Oxfam chief apologises for ‘babies in cots’ comment

An Oxfam shop is seen, in London

Oxfam’s chief executive apologised on Tuesday for saying a wave of condemnation over sex abuse by its staff was disproportionate as it had not “murdered babies in their cots” after a scandal that has prompted new reports of abuse.

Mark Goldring said Oxfam was investigating 26 cases of misconduct reported since the scandal broke earlier this month over the alleged use of prostitutes in Haiti in the aftermath of the island’s earthquake in 2010.

Oxfam has battled to contain the fall-out from the scandal, and Goldring faced personal criticism after he was quoted in Saturday’s Guardian newspaper as saying: “The intensity and ferocity of the attacks makes you wonder, what did we do? We murdered babies in their cots? … (it) feels out of proportion to the level of culpability.”

Opposition Labour politician and International Development committee chair Stephen Twigg said Goldring’s comments in a newspaper interview were regarded by many as “grossly inappropriate”, and on Tuesday Goldring apologised.

“I should not have said those things. It is not for Oxfam to judge issues of proportionality or motivation,” Goldring, who became CEO of Oxfam GB in 2013, told the committee. “I wholeheartedly apologise for those comments.”

Allegations of sexual misconduct have shaken the aid sector, with Haiti’s president calling for investigations of other groups.

Twigg said the Committee, a parliamentary body that monitors the government’s aid ministry, would conduct a full inquiry into the issue of sexual exploitation in the aid sector.

The funding of Oxfam, one of the world’s biggest disaster relief charities, has been thrown into question by the scandal.

Britain and the European Union are both reviewing the money they give, while Goldring said that 7,000 individuals had cancelled regular donations to Oxfam over the last 10 days.

On Monday, the charity released the findings of an internal investigation that found the country director in Haiti, Roland Van Hauwermeiren, had admitted using prostitutes at his residence during a relief mission before resigning in 2011.

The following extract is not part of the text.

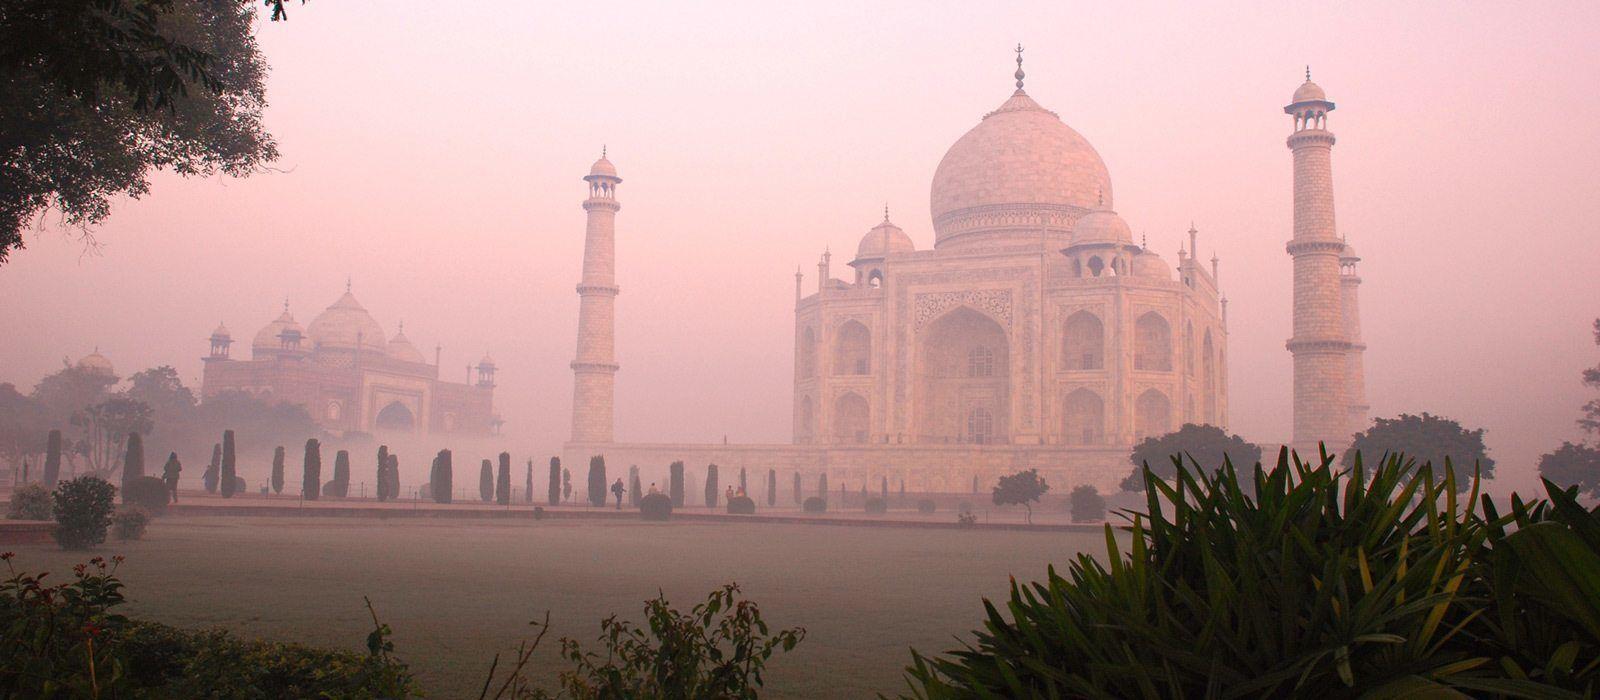 Indien & Malediven: Luxuriöse Honeymoon Reise Urlaub 3

Senior Oxfam officials told the committee that the internal investigation into what happened in Haiti was mishandled at the time.

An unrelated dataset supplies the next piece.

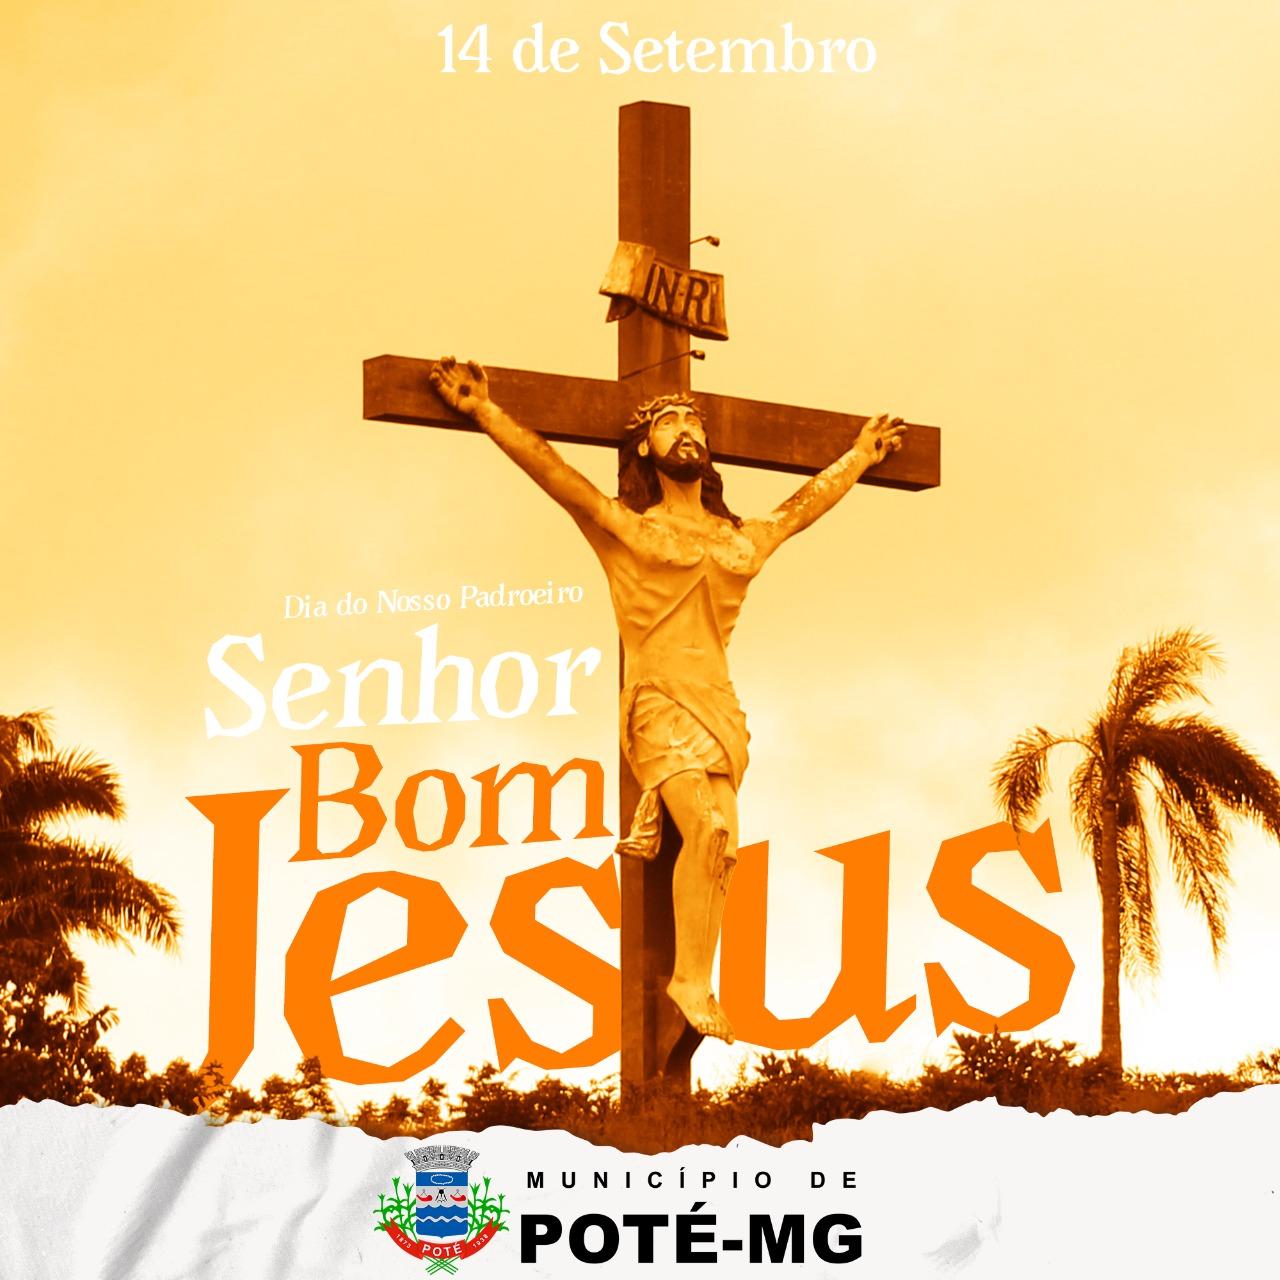 14 DE SETEMBRO, DIA DO NOSSO PADROEIRO SENHOR BOM JESUS

Oxfam International Executive Director Winnie Byanyima said “hideous men” had abused the trust of the public and were not aligned with the charity’s principles.

“The use of prostitutes in conditions of poverty and helplessness and conflict, is exploitation, it is abuse, and it’s intolerable in our organisation,” she told the committee.

“What happened, to let the country director go away with some dignity, was wrong.”